It was a high-stakes deal.
New York-based Hybrid Capital beat out the competition to secure $12.5 million in acquisition financing for a former illegal gambling den in Manhattan’s Chinatown, the brokerage firm told Mortgage Observer.
The Los Angeles-based Chinese-American lender Cathay Bank provided the acquisition financing, according to city records.
Hybrid brokered the three-year loan on behalf of a partnership between commercial real estate developer Albert Malekan and the New York private investment company Empire Capital Holdings. The loan carries an interest rate in the low 4-percent range and interest-only payments for the full term, said Hybrid’s chief executive officer Bobby Bakhchi, who declined to name the lender.
“The stakes were high for the client because there was a time-is-of-essence $2 million hard deposit,” he said. “So not only did we have to negotiate advantageous terms for the sponsor, but it was imperative that we identify a lender that we were certain could execute. This was especially challenging given that there was very limited information regarding the tenancy and cash flow.”

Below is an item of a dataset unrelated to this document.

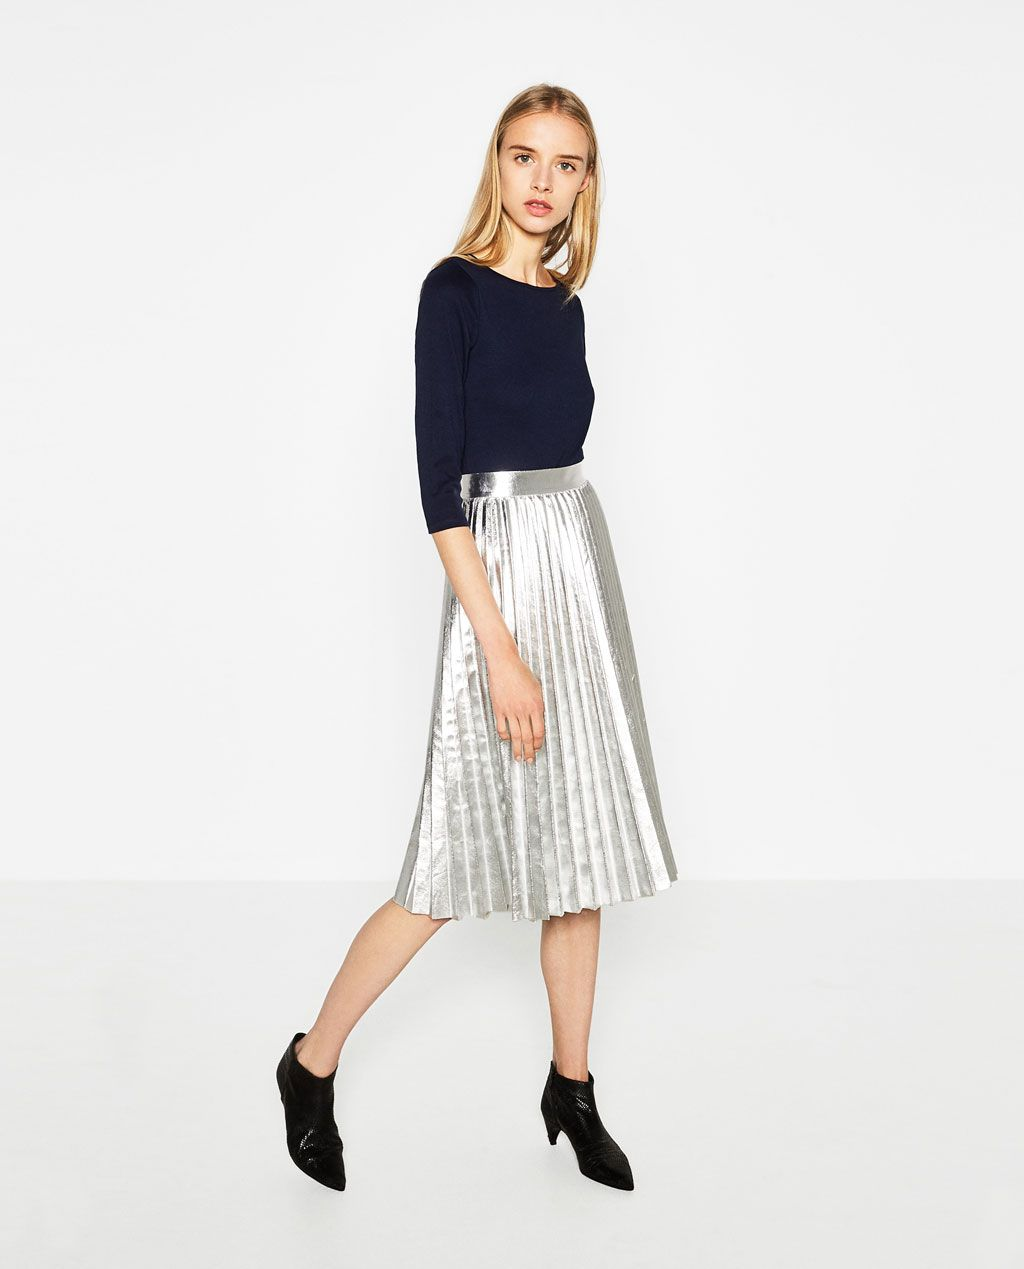 METALLIC ACCORDION-PLEAT SKIRT From Zara 4990 RSD | U21a3 Fashion U21a2 | Pinterest | Metallic Pleated ...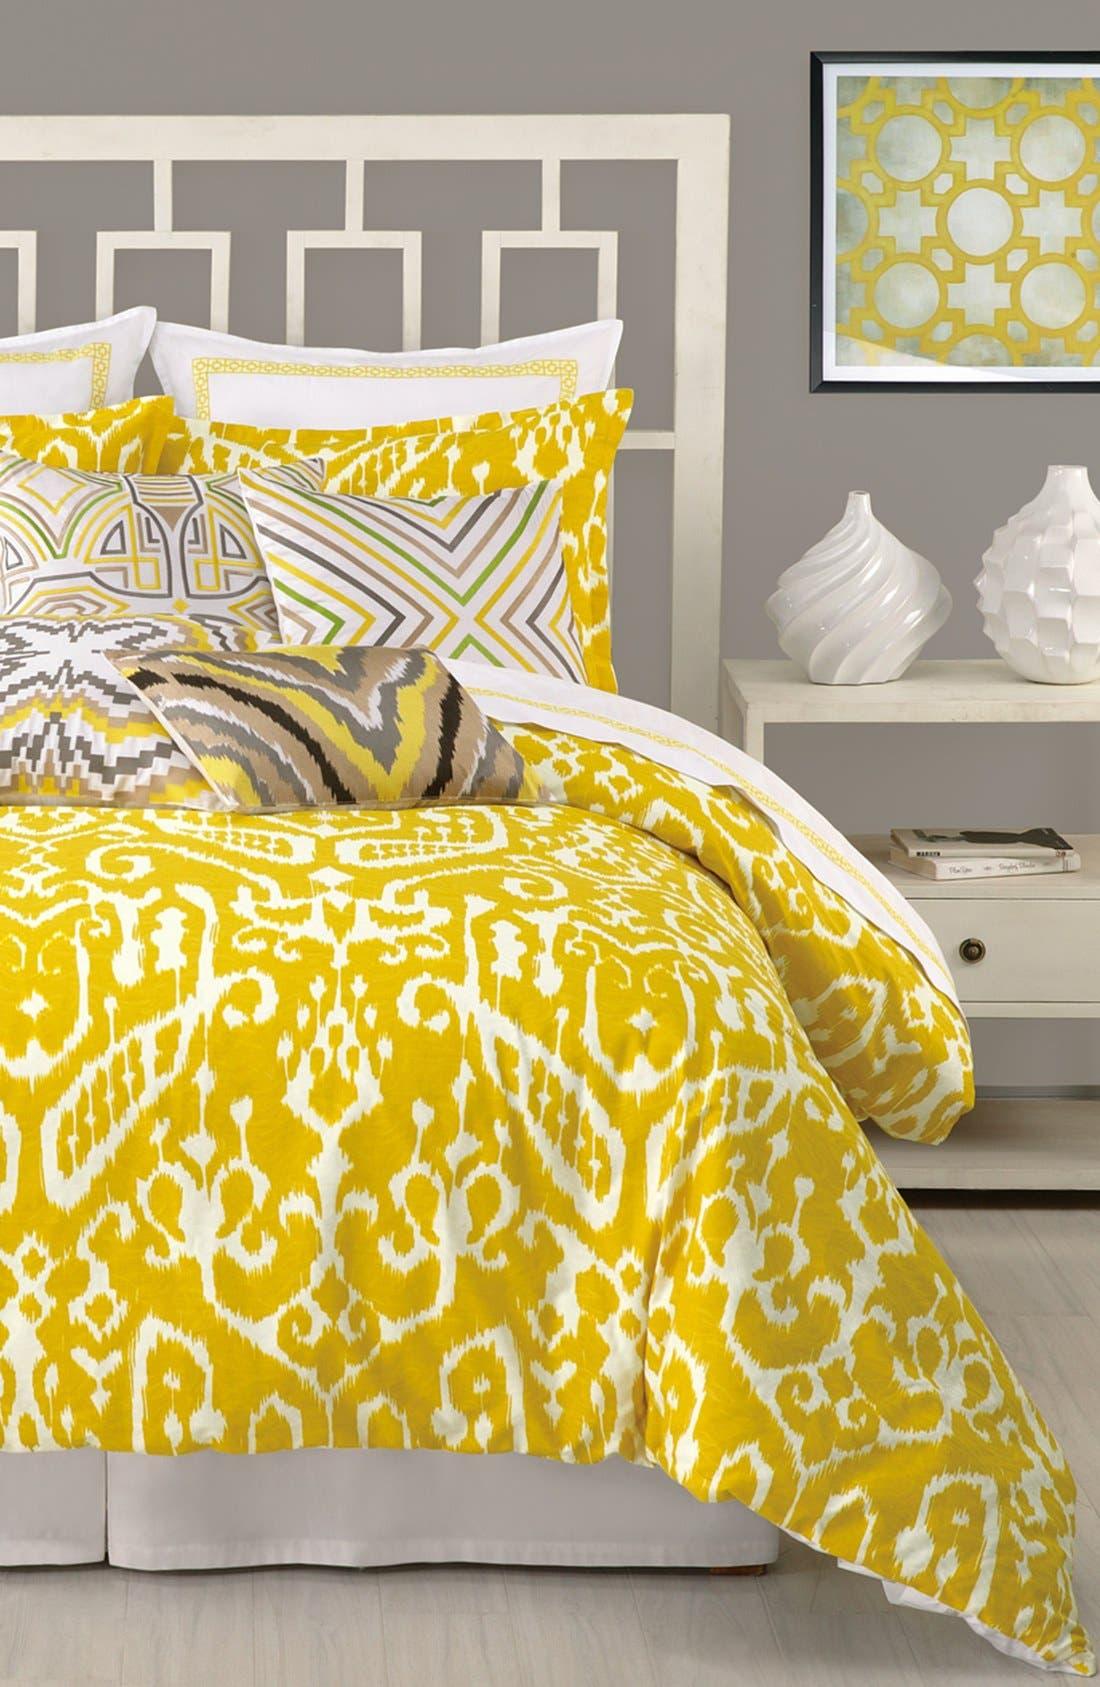 Alternate Image 1 Selected - Trina Turk 'Ikat' Comforter & Shams

One of the complications in the transaction was that estoppel certificates—used in mortgage negotiations to establish financial obligations that could affect the settlement of a loan—could not be secured, Mr. Bakhchi noted.
Mr. Malekan and Empire Capital completed their $20.2 million purchase of the six-story office and retail property at 35-37 East Broadway from the U.S. government in late June.
The Feds confiscated the property from its former owner Won & Har Realty Corporation in August 2013 following a raid exposing illegal poker games and computerized slot machines on the premises, according to previous news reports.
The new owners won the 24,157-square foot building at auction in March 2014 against several other bidders, including Zar Property, Keystone Equities and E&M Associates, The Real Deal reported in March.
Mr. Malekan and Empire Capital acquired 35-37 East Broadway at “almost full vacancy” and are now in the process of upgrading and repositioning the property to attract new tenants, according to Mr. Bakhchi.
The former attorney said his firm beat three other brokerage shops vying for the deal, including some of the leading firms in Manhattan.
“Our lender needed the confidence in the asset and the faith in the sponsorship, which we were able to successfully communicate thanks to our strong relationship with the lender,” Mr. Bakhchi told MO. “We were very pleased that we were able to deliver for our client.”